Disturbi dell’alimentazione: lo stress non porta necessariamente a una perdita dell’autocontrollo

Uno studio condotto da ricercatori dell’Università di Cambridge e pubblicato dalla rivista Journal of Neuroscience, suggerisce che, contrariamente a quanto si pensa, le persone con disturbi alimentari non perdono l’autocontrollo nel mangiare in risposta allo stress.


Le persone che soffrono di bulimia nervosa e un sottogruppo di quelle affette da anoressia nervosa condividono alcuni sintomi chiave, le abbuffate ricorrenti e comportamenti compensatori, come il vomito. I due disturbi si distinguono per l’indice di massa corporea (BMI) dei pazienti: gli adulti affetti da anoressia nervosa tendono ad avere un BMI inferiore a 18,5 kg / m2. 


“Studi di neuroimaging sulla bulimia nervosa riportano una ridotta attività nelle regioni fronto-striatali implicate nel controllo di autoregolamentazione e una teoria influente ipotizza che il binge-eating (disturbo da alimentazione incontrollata) sia il risultato di fallimenti di autoregolazione sotto stress”, scrivono gli autori. “Tuttavia, non ci sono prove dirette che lo stress psicologico comprometta l’autoregolazione nei disturbi da alimentazione incontrollata, o che tali deficit di autoregolamentazione si generalizzino al binge eating in individui sottopeso”.


Per esaminare questa teoria, i ricercatori hanno invitato 85 donne – 22 con anoressia nervosa, 33 con bulimia nervosa e 30 controlli sani – a partecipare a un soggiorno di due giorni al Wellcome Trust-MRC Institute of Metabolic Science Translational Research Facility (TRF). La struttura, che comprende un’unità di comportamento alimentare, è progettata in modo che la dieta e l’ambiente di un volontario possano essere strettamente controllati e il loro stato metabolico studiato in dettaglio durante la permanenza.

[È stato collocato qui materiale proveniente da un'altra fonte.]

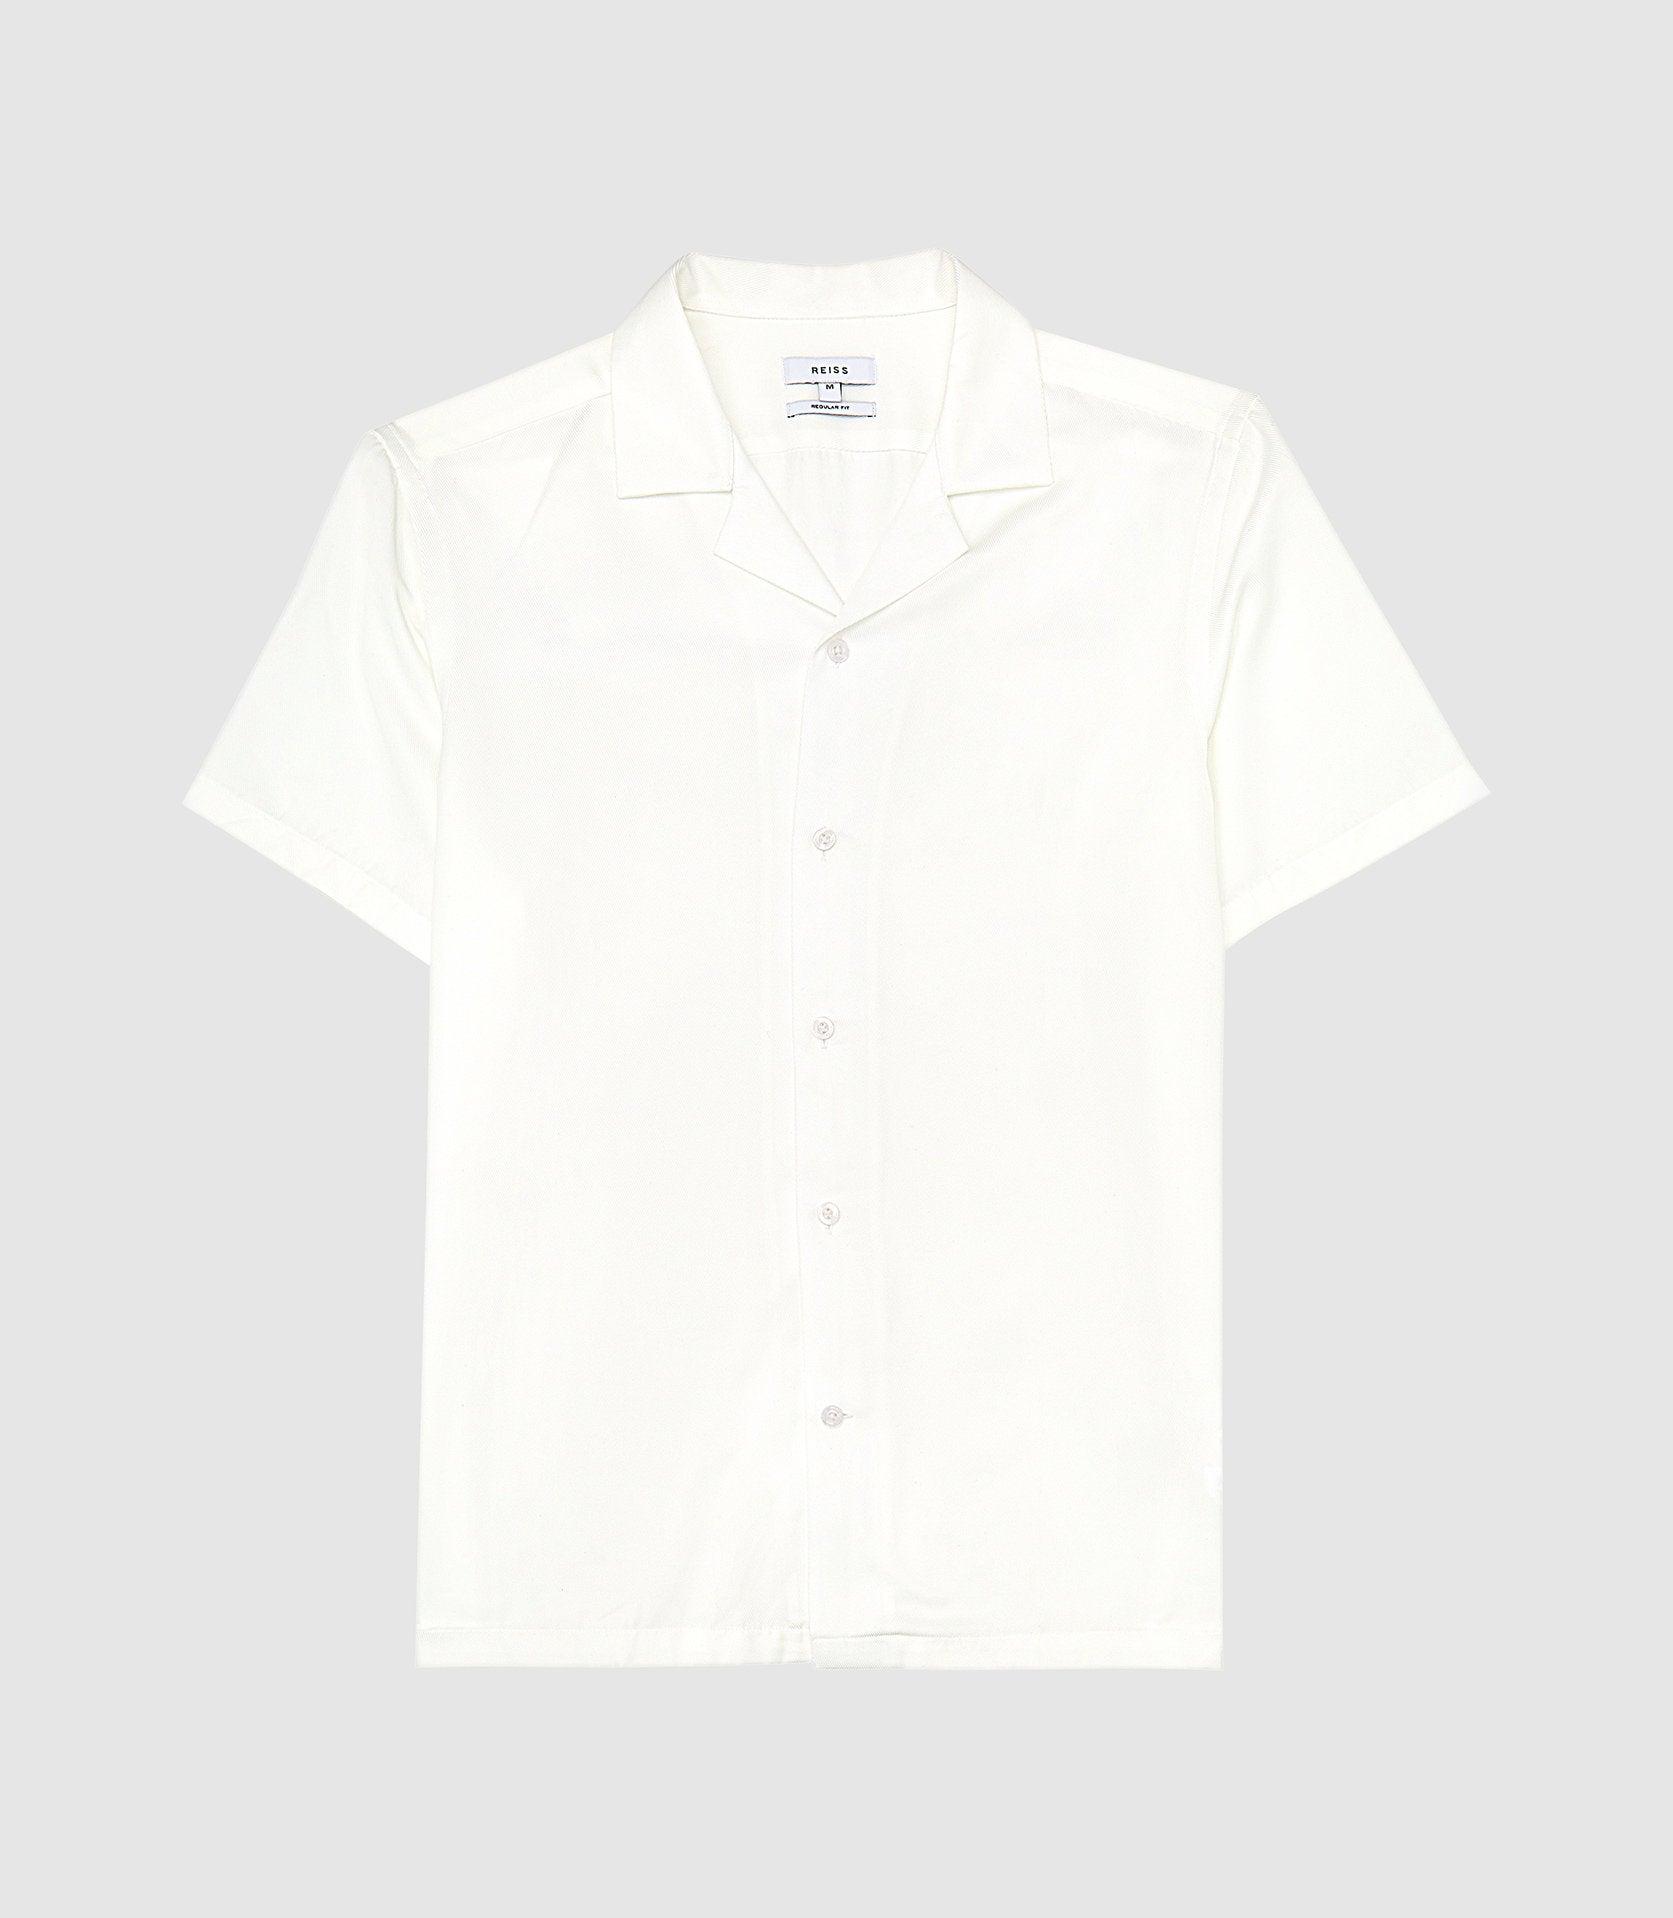 Reiss Cuban Collar Shirt in White for Men - Lyst
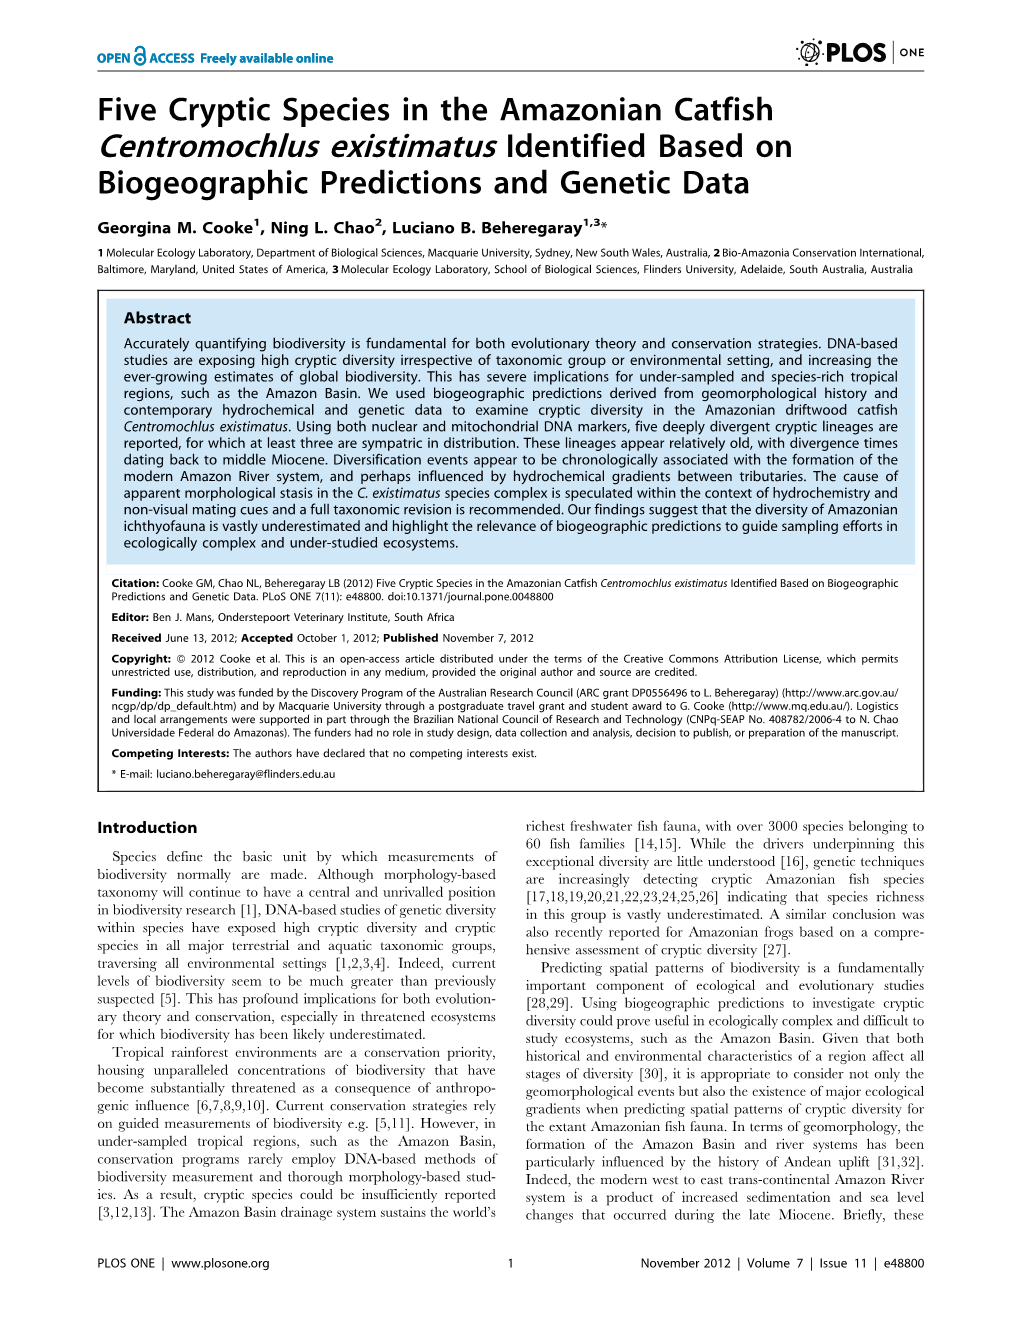 Centromochlus Existimatus Identified Based on Biogeographic Predictions and Genetic Data

Durante il loro soggiorno, ogni mattina le donne hanno ricevuto pasti controllati forniti da un nutrizionista. Sono state sottoposte a un periodo di digiuno durante il quale sono state portate al vicino Wolfson Brain Imaging Center, dove hanno svolto compiti mentre la loro attività cerebrale veniva monitorata tramite risonanza magnetica funzionale.


I primi compiti riguardavano l’arresto della progressione di una barra che si alzava sullo schermo di un computer premendo un tasto. Il compito principale consisteva nell’arrestare la barra in movimento quando raggiungeva la linea mediana. In alcuni casi sono stati presentati segnali di stop, in cui la barra in movimento si è fermata automaticamente prima di raggiungere la linea di mezzo, in questo caso le partecipanti non dovevano fare nulla. Si tratta di “attività di anticipazione del segnale di arresto, una misura convalidata di inibizione proattiva (cioè anticipazione dell’arresto) e reattiva (arresto definitivo)”, scrivono gli autori.

Le donne hanno poi svolto un compito volto ad aumentare i loro livelli di stress. È stato chiesto loro di eseguire una serie di test aritmetici mentali mentre ricevevano scosse elettriche lievi ma imprevedibili e gli è stato detto che se non fossero riuscite a svolgere il compito, i loro dati sarebbero stati esclusi dallo studio. Hanno ricevuto feedback durante l’attività, come: “le tue prestazioni sono inferiori alla media”.


Le donne hanno quindi ripetuto di nuovo il primo test (della barra). Alla fine, le volontarie sono tornate all’Unità Comportamentale Alimentare, dove è stato offerto loro un buffet “all you can eat”.


Durante il secondo giorno le partecipanti hanno svolto gli stessi compiti, ma senza le componenti stressanti del test.


Il team ha scoperto che le donne con bulimia nervosa avevano peggiori prestazioni quando si trattava di interrompere la barra rispetto agli altri gruppi, avevano quindi una ridotta inibizione proattiva. “Entrambi i gruppi di pazienti hanno mostrato cambiamenti distinti, indotti dallo stress, nell’attività frontale inferiore e superiore durante l’inibizione sia proattiva che reattiva”, scrivono. Tuttavia, lo stress non ha influenzato in alcun modo le prestazioni effettive in nessun0 dei tre gruppi. I ricercatori hanno osservato che le pazienti in generale mangiavano meno al buffet rispetto ai controlli, ma sorprendentemente la quantità di cibo ingerita non cambiava se le volontarie erano sottoposte a una prova stressante.

Margaret Westwater, prima autrice dello studio, sottolinea: “la teoria suggerisce che le pazienti avrebbero dovuto mangiare di più quando erano stressate, ma non è successo. Chiaramente, quando pensiamo al comportamento alimentare in questi disturbi, dobbiamo adottare un approccio più sfumato”.